I have tried converting into a log equation in one variable, or solve it by using parity but couldn't solve it.
Thanks in advance
I suppose you are familiar with the inequality $\ln(1+x)\le x$. Now if $b>a$, then $$b^a=a^a\left(1+\frac{b-a} a\right)^a=a^a e^{a\ln(1+(b-a)/a)}\le a^a e^{b-a}.$$
When $a\ge 3$, we have
$$3=a^b-b^a\ge a^a(a^{b-a}-e^{b-a})\ge a^a(a-e)\ge27(3-e)>7$$
a contradiction. So $a\le2$ if $b>a$. But it can be checked that there is no solution for $a=1$ (obvious) and $a=2$ (since $2^b-b^2>3$ for $b\ge 5$).
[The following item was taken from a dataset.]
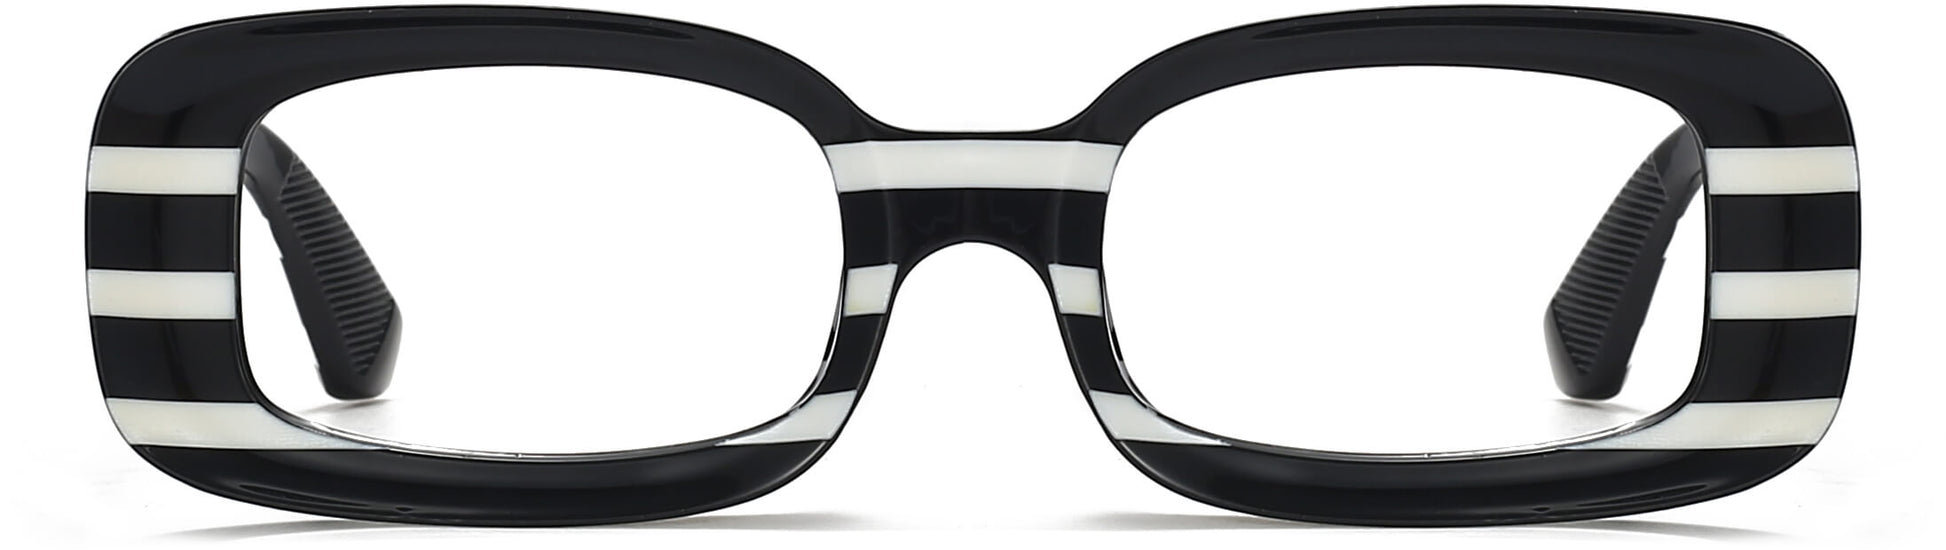 Sevyn Rectangle Black Eyeglasses from ANRRI, front view
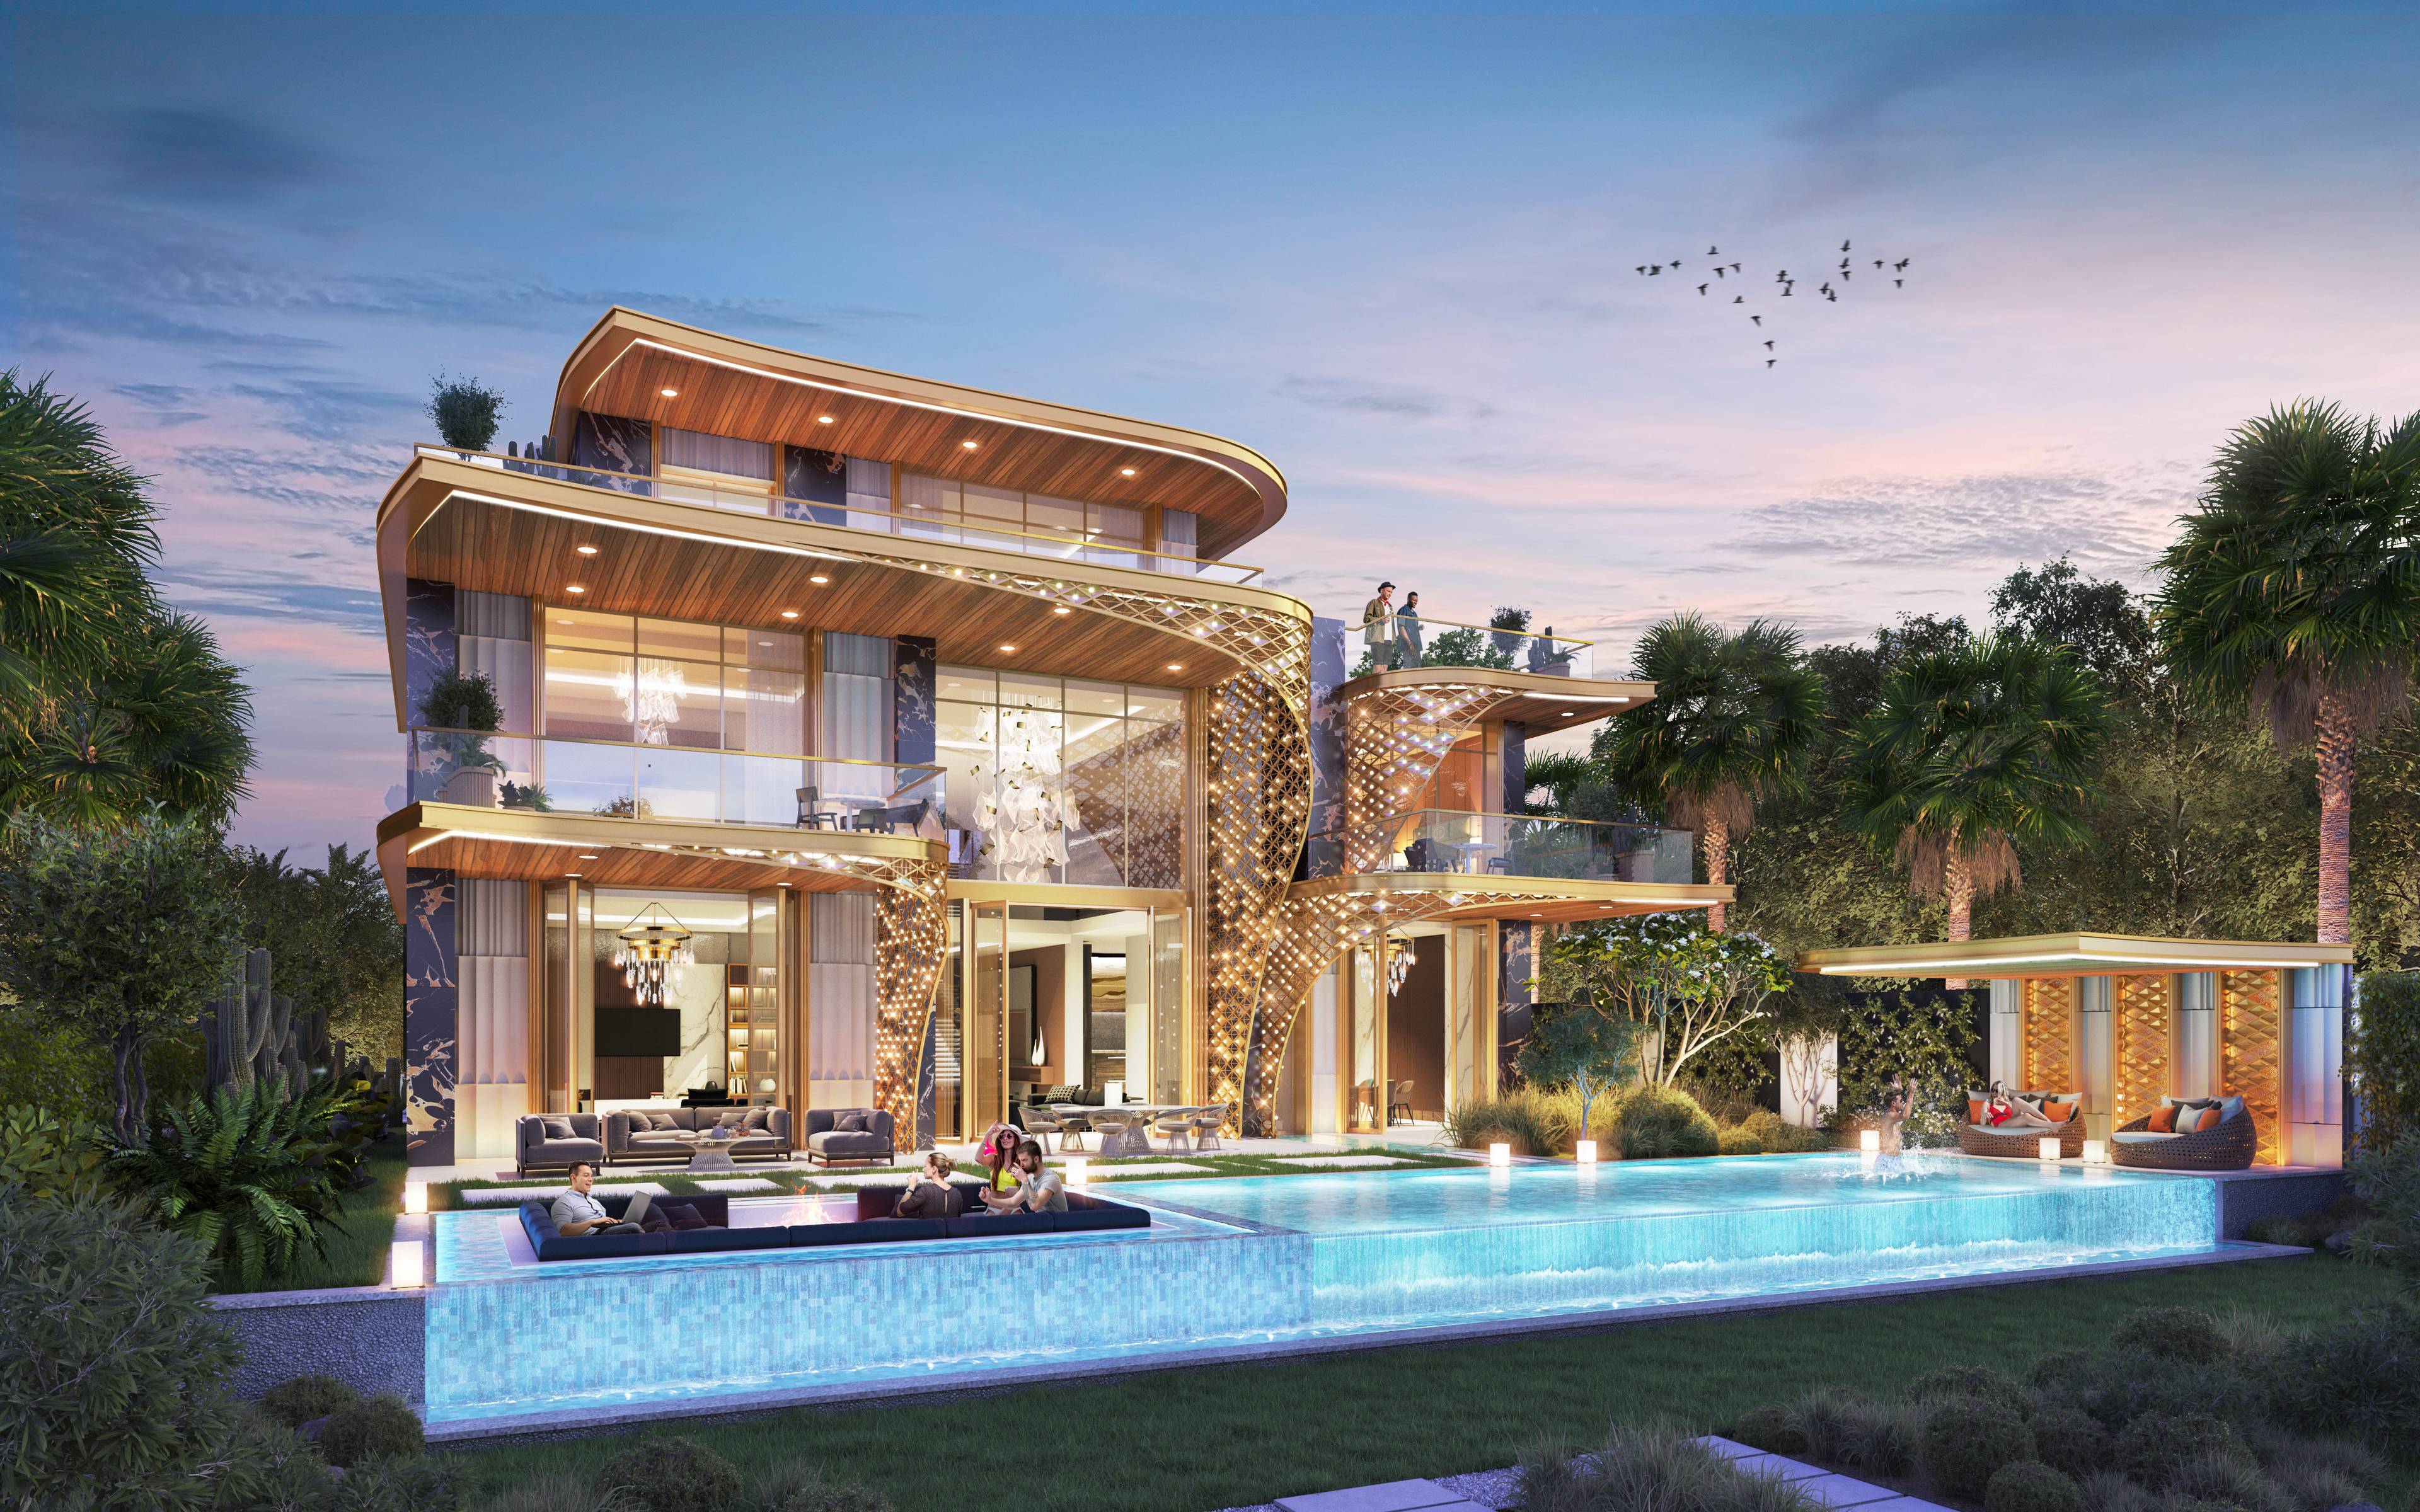 7-BEDROOM LUXURY EXTRAVAGANZA IN DAMAC HILLS: A SPLENDID VILLA WITH BASEMENT, PRIVATE LIFT, AND MULTIPLE AMENITIES

We conclude that there is no solution satisfying $b>a$. But $b\neq a$, so the only possibility is that $b<a$.
However, for $3\le b<a$, it's well-known that $a^b<b^a$. So it's only possible when $b\le 2$. For $b=1$ the solution is $(a,b)=(4,1)$. For $b=2$, due to the same reason above($a^2-2^a<-3$ for $a\ge 5$), there is no solution.
To conclude, the only solution is $(a,b)=(4,1)$.
Consider the equation in modulo $3$, clearly we have $$ a^b\equiv b^a\pmod3 $$
Clearly $a=b=1$ is a solution of this equation. However this does not solve the original. We note that $4\equiv 1 \pmod 3\ $ and conclude that $a=4, b=1$. This a positive integer solution to your equation.
It is the same as a parity argument that you said you tried. In a parity argument however you consider $(\mod 2)$. I chose $(\mod 3)$ as it gets rid of the $3$ and allows the equation to be written in a simpler form.
– Ali Caglayan Dec 20 '16 at 03:18$a,b$ are of opposite parity,
If $b$ is odd, and $b>1$ we further have $b>a$. Then in the equation $a^b = b^a+3$ has LHS equal to $0$ modulo $8$, while RHS is $4$ modulo $8$.
If $a \ge 3$ is odd, then in the above equation, LHS and RHS will be $1, 3$ resp. modulo $8$.
The only remaining case is $b=1$, which gives $a=4$.
Hence the only solution is $(4,1)$.